Jump to Nutrition Facts

Is a great meal really complete without a great side dish? We don’t think so, which is why we’ve added this creamy mashed potato recipe to our list of favorites.

Unlike other mash potato recipes, our mash is not just made up of butter, but SOUR CREAM! Half butter, a good amount of sour cream and hot milk make the most perfect creamy mashed potatoes to go with anything for a quick and easy dinner. What to do with leftovers? What leftovers?

This creamy mash has been in our family for years. We’re not big on measuring things, so imagine how hard it was to add ingredients while measuring them at the same time to make sure I could give you guys the BEST mashed potatoes of your life.

HOW TO MAKE MASHED POTATOES

  • Make sure you start with the best potato possible. If you’re in the US, go for Yukon golds or Russet potatoes. In Australia, choose Dutch Creams, Creme Gold or Creme Royale.
  • Salted water for boiling — not adding salt to the water will yield bland tasting potatoes.
  • Softened unsalted butter — using unsalted ensures you have full control of how salty your mash comes out.
  • Sour cream — makes them EVEN CREAMIER when compared to regular potatoes.
  • Garlic — use fresh where possible.
  • Fresh shredded parmesan cheese — adds incredible flavour.
  • Hot milk — why hot milk?

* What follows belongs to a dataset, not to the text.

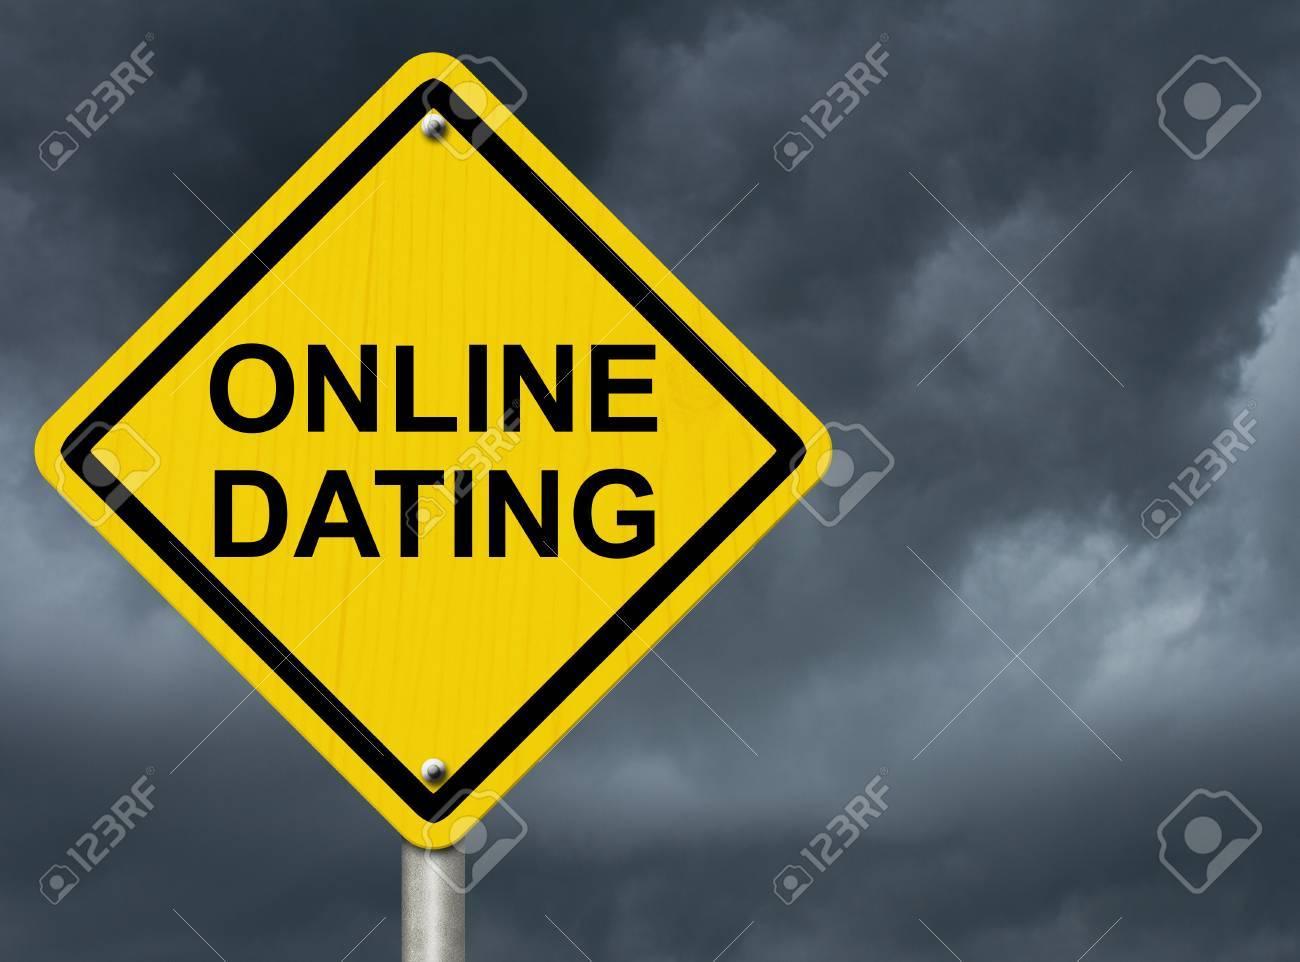 Online-Dating-Traffic

To ensure your potatoes are still warm after mashing.

HOW LONG TO BOIL POTATOES FOR MASH

Cut your potatoes into the same sized pieces to ensure they all cook evenly and at the same time.

Boil potatoes in salted water until JUST fork-tender. Try not to over cook too much as they can become quite sticky or gluey when overcooked.

Sauté garlic in some butter until fragrant.

Drain potatoes and add in the hot milk, cooked garlic, remaining butter and sour cream.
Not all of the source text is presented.